Decoding the character table The following is character table of water molecule

I would like to know
(1)What does the last 2 column in the table indicate?
(2) How to deduce the functions in the last column?
 A: Looking at page 81 and 82 of Applications of Group Theory To the Physics of Solids. by A. Dresselhaus it seems that the second last column are the possible basis functions of that irreducible representation. The last column contains non-basis functions that transform under that irrep.
I think the $A_1$ is the trivial irrep, therefore $z$ is left invariant (basis function) and also the functions $x^2$, $y^2$, $z^2$ are invariant.
Then the $A_2$ is the one which takes care of the $z$-reflection parity. When we reflect through the $xy$-plane, both $x$ and $y$ will incur a sign change and the function $xy$ as well as the angular momentum $R_z$ (spherical harmonic) is invariant.

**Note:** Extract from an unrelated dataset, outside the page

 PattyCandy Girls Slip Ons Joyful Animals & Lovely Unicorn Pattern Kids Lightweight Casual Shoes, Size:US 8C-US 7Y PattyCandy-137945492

The $B_1$ and $B_2$ are also one dimensional irreps, they seem to encode the $y$ and $x$ parities. Therefore they leave functions $xy$ and $yz$ invariant, as well as their respective angular momentum. It is just not clear why $x$ is a basis function when $xz$ is conserved, whereas for the $A_2$, $z$ has not been listed as a basis vector.
I suppose you have to read a bit more in those group theory notes in order to find a more precise definition of those two columns.